良性甲状腺疾病,尤其是甲状腺功能亢进和甲状腺功能减退,是最常见的内分泌疾病。甲状腺功能亢进的最常见病因是自身免疫性甲状腺功能亢进症(Graves 病,GD)、毒性多结节性甲状腺肿(TMNG)和毒性甲状腺腺瘤(TA)。较少见的病因包括破坏性甲状腺炎(如胺碘酮引起的甲状腺功能障碍)和人为性甲状腺功能亢进症。GD 是由针对促甲状腺激素(TSH)受体的自身抗体引起的。TMNG 和 TA 是由体细胞激活获得性功能突变引起的。甲状腺功能亢进症患者的典型实验室发现是 TSH 降低、游离甲状腺素和游离三碘甲状腺原氨酸水平升高以及 GD 患者的 TSH 受体自身抗体。超声成像用于确定甲状腺的大小和血管、甲状腺结节的位置、大小、数量和特征。结合实验室检查,这些特征构成了区分不同形式甲状腺功能亢进症的一线诊断方法。放射性碘或 Tc 高锝酸盐甲状腺闪烁显像有助于确定不同形式的甲状腺功能亢进症的特征,并为放射性碘治疗方案提供信息。GD、TMNG、TA 和破坏性甲状腺炎有特定的闪烁显像模式。
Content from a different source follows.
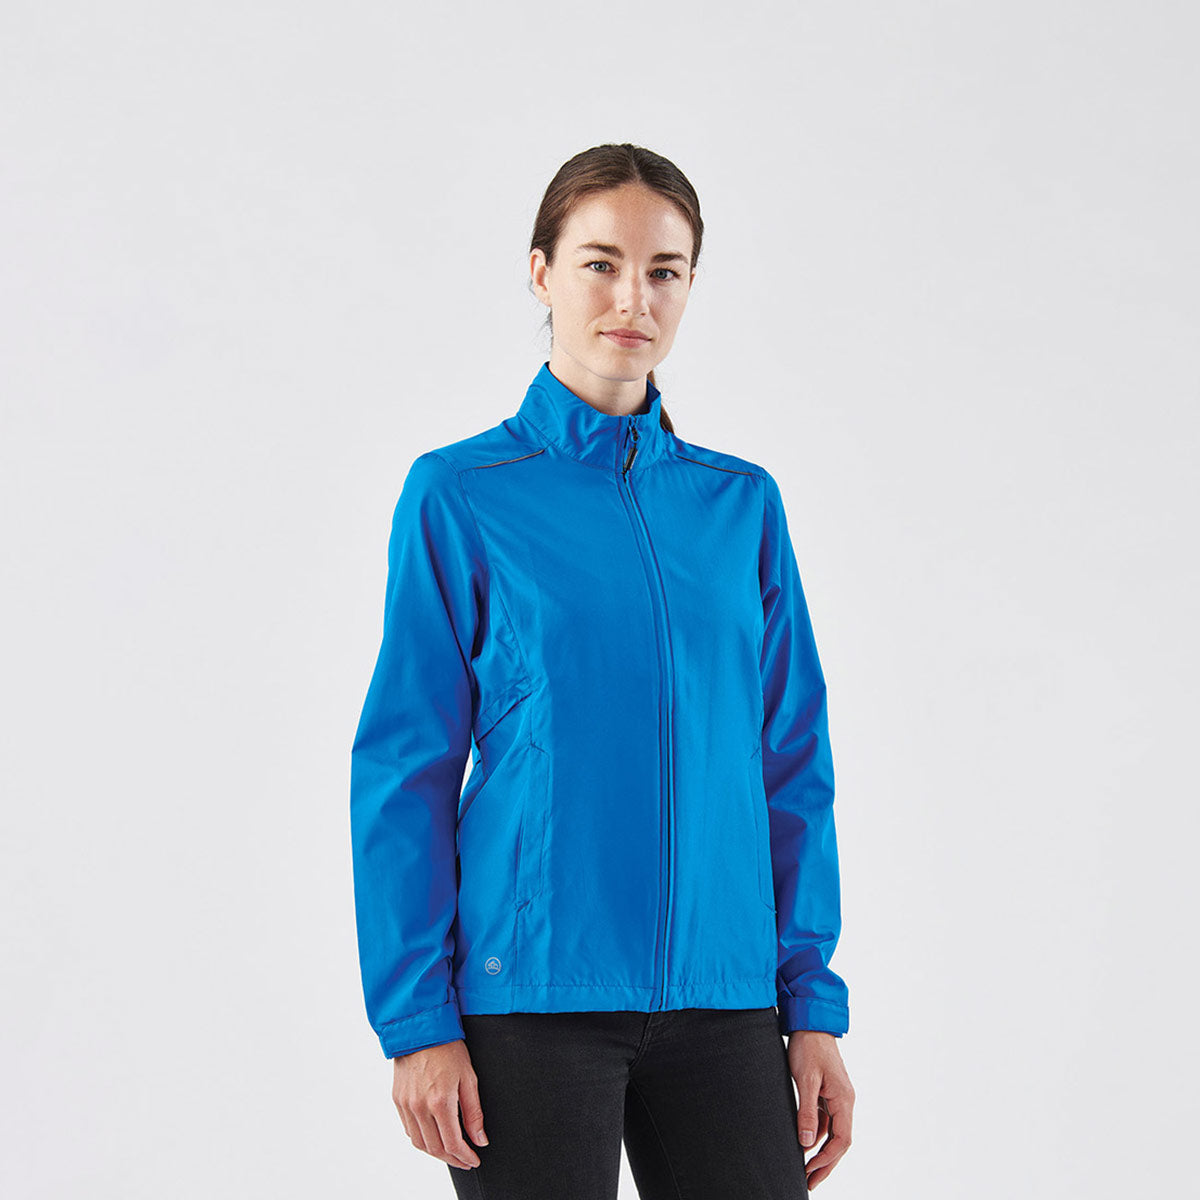 Women's Mistral Fleece Jacket - TMX-2W

Tc- sestamibi 闪烁显像可区分 1 型和 2 型胺碘酮引起的甲状腺功能亢进症。放射性碘摄取试验为甲状腺功能亢进症的放射性碘治疗方案提供信息。甲状腺功能亢进症可以用口服抗甲状腺药物、甲状腺切除术或碘-131 治疗。放射性碘治疗一般在抗甲状腺药物治疗失败后、或手术禁忌或患者拒绝手术时考虑。在 TA 或 TMNG 患者中,放射性碘治疗的目标是达到甲状腺功能正常状态。在 GD 患者中,放射性碘治疗的目标是诱导甲状腺功能减退,这种状态可以通过口服甲状腺激素替代治疗很容易控制。基于待治疗甲状腺体积和放射性碘摄取的剂量估计应指导所给予的 I-放射性活度的选择。放射性碘治疗的早期副作用(通常是甲状腺的轻度疼痛)可以用非甾体抗炎药处理。放射性碘治疗甲状腺功能亢进症后的迟发性副作用是甲状腺功能减退和辐射诱发恶性肿瘤的风险极小。